Work to complete
Among the lines below, take the one holding "85f71ec277ddf5f7-Sundance", the one holding "PillowChristmasTree star template", and all lines between them. Set them down exactly.

Data shown
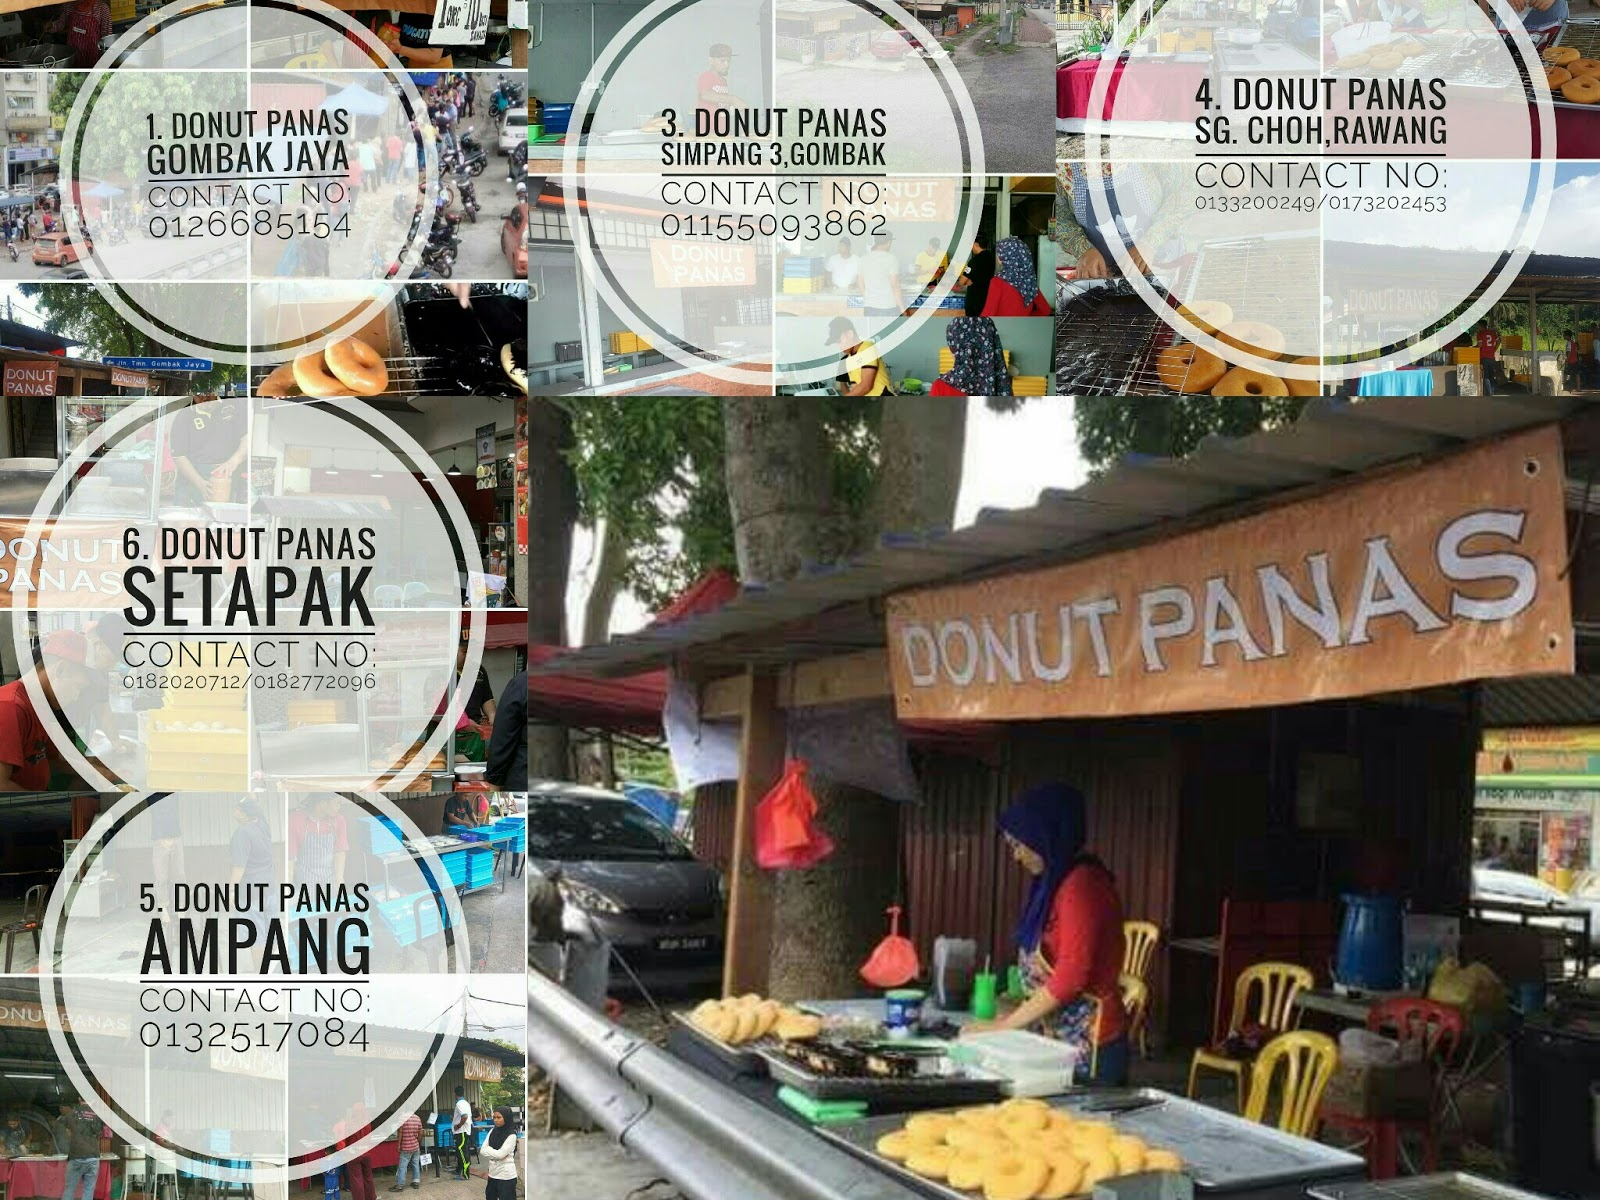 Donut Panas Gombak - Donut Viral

==

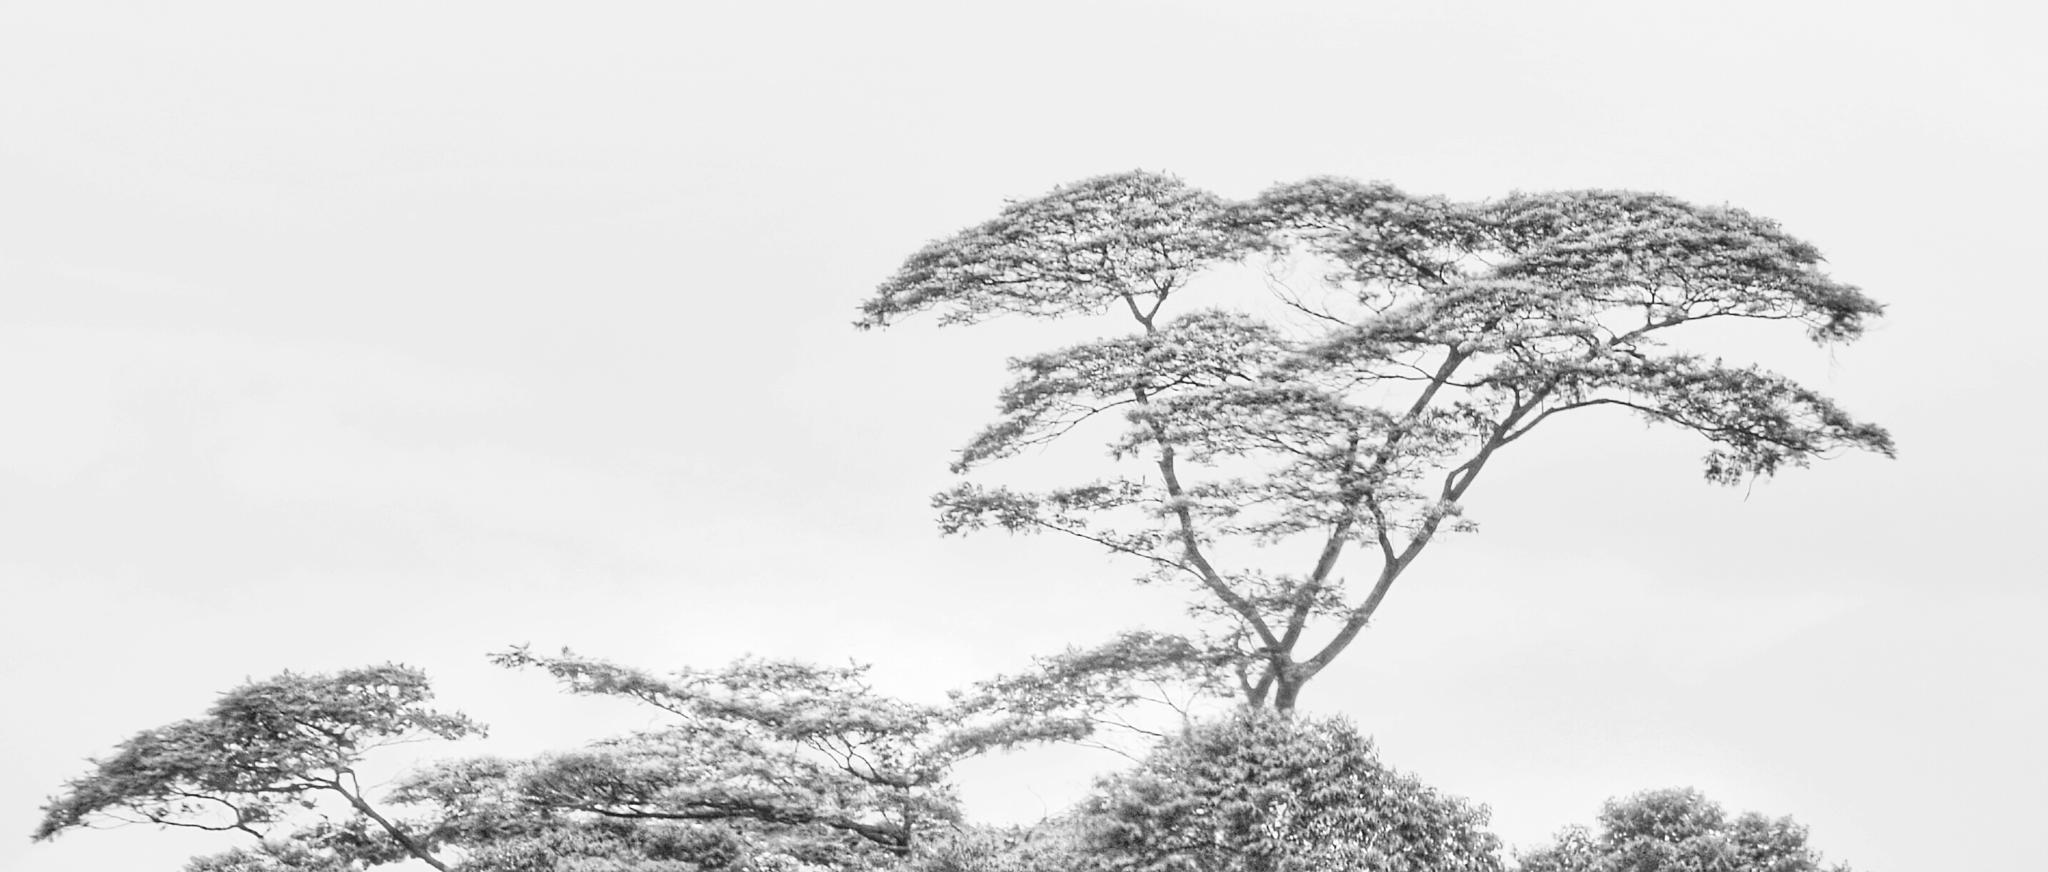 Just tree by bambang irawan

--

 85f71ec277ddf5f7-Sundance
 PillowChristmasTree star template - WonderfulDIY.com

Exercise answer
 85f71ec277ddf5f7-Sundance
 PillowChristmasTree star template - WonderfulDIY.com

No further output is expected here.